Suppose $$E$$ is measurable; then for every $${\varepsilon}>0$$,

• There exists an open $$O\supset E$$ with $$m(O\setminus E) < {\varepsilon}$$
• There exists a closed $$F\subset E$$ with $$m(E\setminus F) < {\varepsilon}$$
• There exists a compact $$K\subset E$$ with $$m(E\setminus K) < {\varepsilon}$$.

• (1): Take $$\left\{{Q_{i}}\right\} \rightrightarrows E$$ and set $$O = \cup Q_{i}$$.
• (2): Since $$E^c$$ is measurable, produce $$O\supset E^c$$ with $$m(O\setminus E^c) < {\varepsilon}$$.
• Set $$F = O^c$$, so $$F$$ is closed.
• Then $$F\subset E$$ by taking complements of $$O\supset E^c$$
• $$E\setminus F = O\setminus E^c$$ and taking measures yields $$m(E\setminus F) < {\varepsilon}$$
• (3): Pick $$F\subset E$$ with $$m(E\setminus F) < {\varepsilon}/2$$.
• Set $$K_{n} = F\cap{\mathbb{D}}_{n}$$, a ball of radius $$n$$ about $$0$$.
• Then $$E\setminus K_{n} \searrow E\setminus F$$
• Since $$m(E) < \infty$$, there is an $$N$$ such that $$n\geq N \implies m(E\setminus K_{n}) < {\varepsilon}$$.

# Quintessential Qual Problems

• Prove the Lebesgue integral is translation/dilation invariant.
• Prove continuity in $$L_1$$: $${\left\lVert {\tau_hf - f} \right\rVert}\overset{h\to 0}\longrightarrow 0$$.
• Prove that $$E$$ is measurable $$\iff$$ $$E = F {\textstyle\coprod}Z$$ with $$F\in F_\sigma$$ and $$Z$$ null $$\iff$$ $$E = G\setminus Z$$ with $$G\in G_\delta$$ and $$Z$$ null.
• Show that $$m(E) = \sup_{K \subseteq E}m(K) \iff$$ there exists $$K = K({\varepsilon})$$ with $$m(K) \in [m(E) - {\varepsilon}, m(E)]$$.
• What’s most useful here is the proof technique, not so much the result itself.
• Apply Fubini and Tonelli to literally anything.
• Prove that $${\left\lVert {f} \right\rVert}_p\to {\left\lVert {f} \right\rVert}_\infty$$ over a finite measure space.
• Apply Cauchy-Schwarz to literally anything, in the form of $${\left\lVert {fg} \right\rVert}_1 \leq {\left\lVert {f} \right\rVert}_2 {\left\lVert {g} \right\rVert}_2$$.

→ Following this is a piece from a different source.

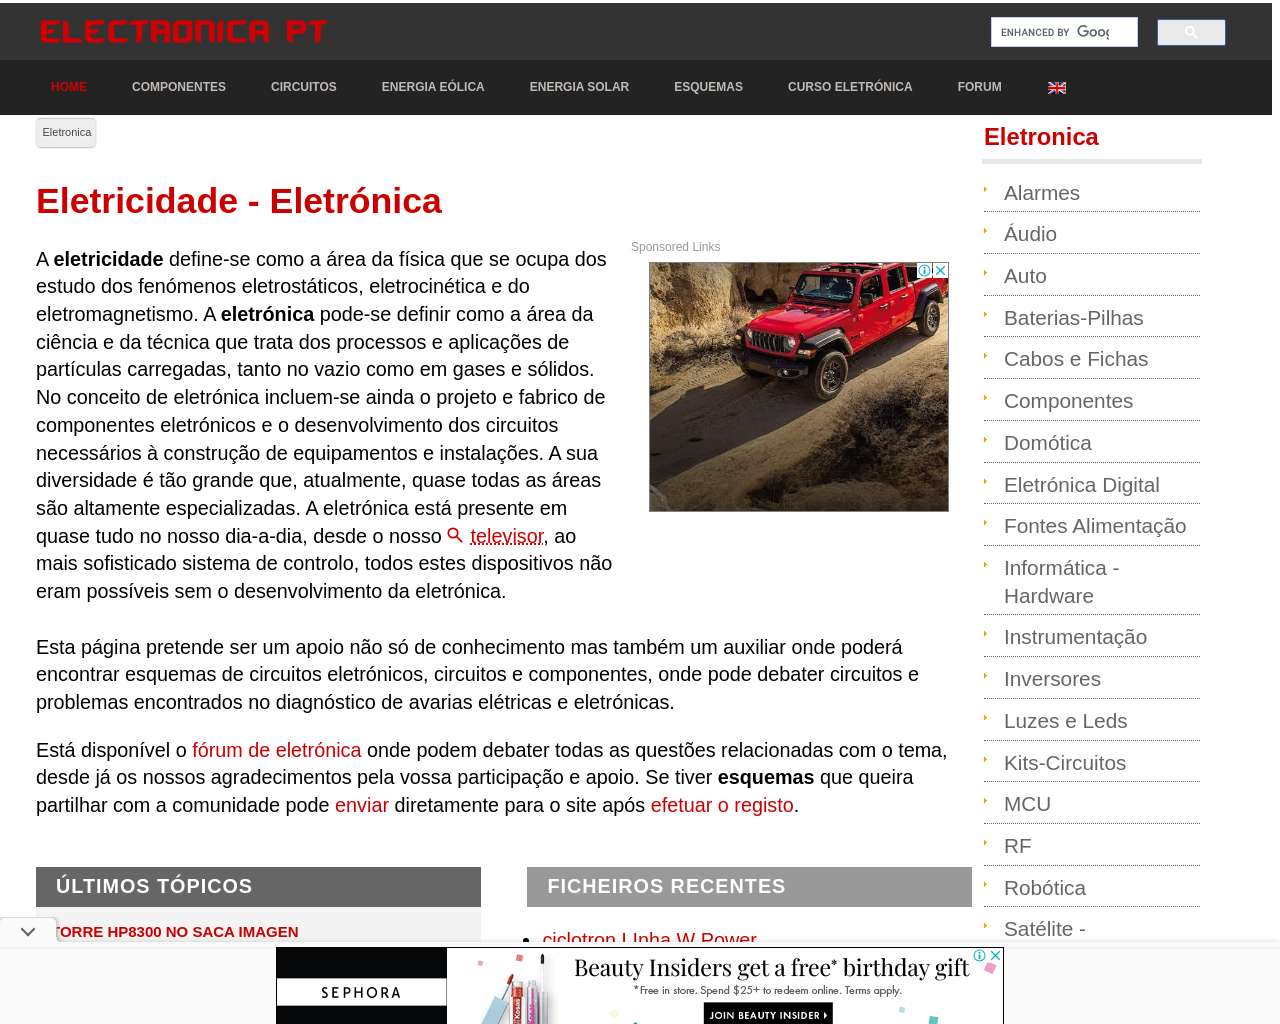 electronica-pt.com
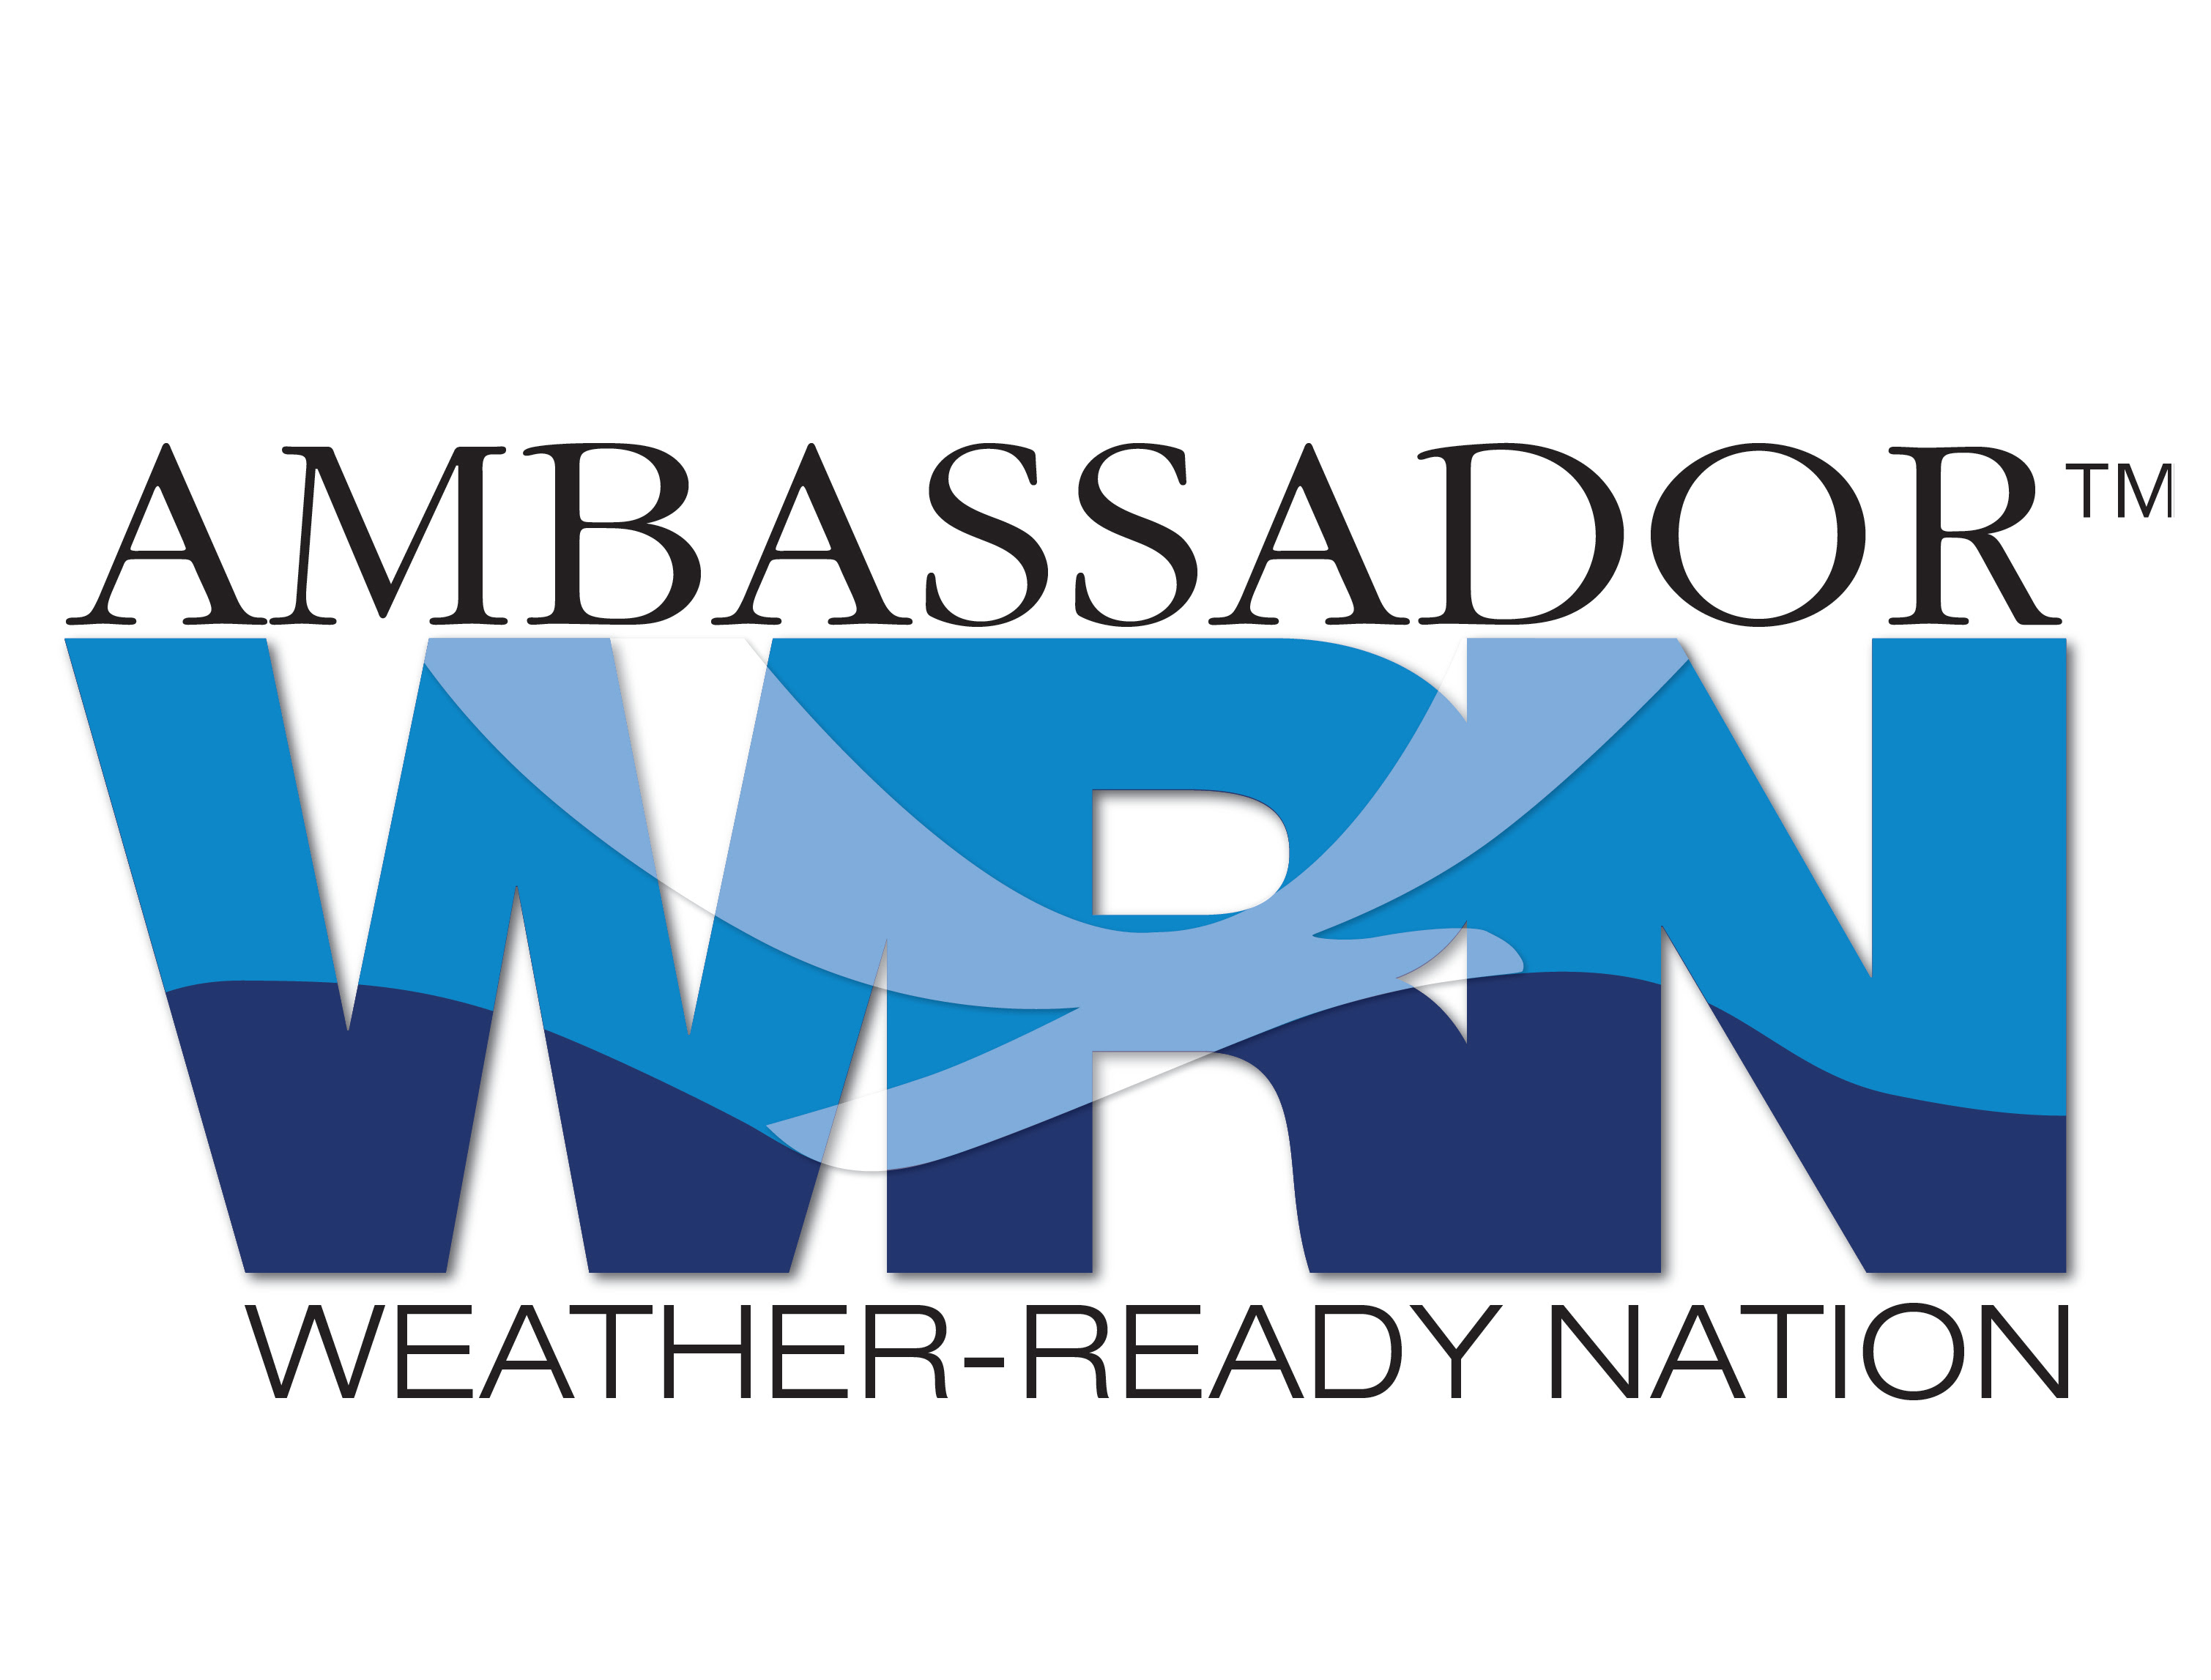 Weerbestendig Nation Ambassador-logo.

Let $$E$$ be a measurable subset of $${\mathbf{R}}^n$$. Then

• For almost every $$x\in {\mathbf{R}}^{n_1}$$, the slice $$E_x \coloneqq\left\{{y \in {\mathbf{R}}^{n_2} \mathrel{\Big|}(x,y) \in E}\right\}$$ is measurable in $${\mathbf{R}}^{n_2}$$.

• The function

\begin{align*} F: {\mathbf{R}}^{n_1} &\to {\mathbf{R}}\\ x &\mapsto m(E_x) = \int_{{\mathbf{R}}^{n_2}} \chi_{E_x} ~dy \end{align*}

is measurable and \begin{align*} m(E) = \int_{{\mathbf{R}}^{n_1}} m(E_x) ~dx = \int_{{\mathbf{R}}^{n_1}} \int_{{\mathbf{R}}^{n_2}} \chi_{E_x} ~dy ~dx .\end{align*}

$$\implies$$:

• Let $$f$$ be measurable on $${\mathbf{R}}^n$$.
• Then the cylinders $$F(x, y) = f(x)$$ and $$G(x, y) = f(y)$$ are both measurable on $${\mathbf{R}}^{n+1}$$.
• Write $$\mathcal{A} = \left\{{G \leq F}\right\} \cap\left\{{G \geq 0}\right\}$$; both are measurable.

$$\impliedby$$:

• Let $$A$$ be measurable in $${\mathbf{R}}^{n+1}$$.
• Define $$A_x = \left\{{y\in {\mathbf{R}}\mathrel{\Big|}(x, y) \in \mathcal{A}}\right\}$$, then $$m(A_x) = f(x)$$.
• By the corollary, $$A_x$$ is measurable set, $$x \mapsto A_x$$ is a measurable function, and $$m(A) = \int f(x) ~dx$$.
• Then explicitly, $$f(x) = \chi_{A}$$, which makes $$f$$ a measurable function.
Footnotes
1.
Slogan: a uniform limit of continuous functions is continuous.
2.
Note that this is only pointwise convergence of $$f$$, whereas the full $$M{\hbox{-}}$$test gives uniform convergence.
3.
It suffices to show $${\left\lvert {f_n(x)} \right\rvert} \leq M_n$$ for some $$M_n$$ not depending on $$x$$.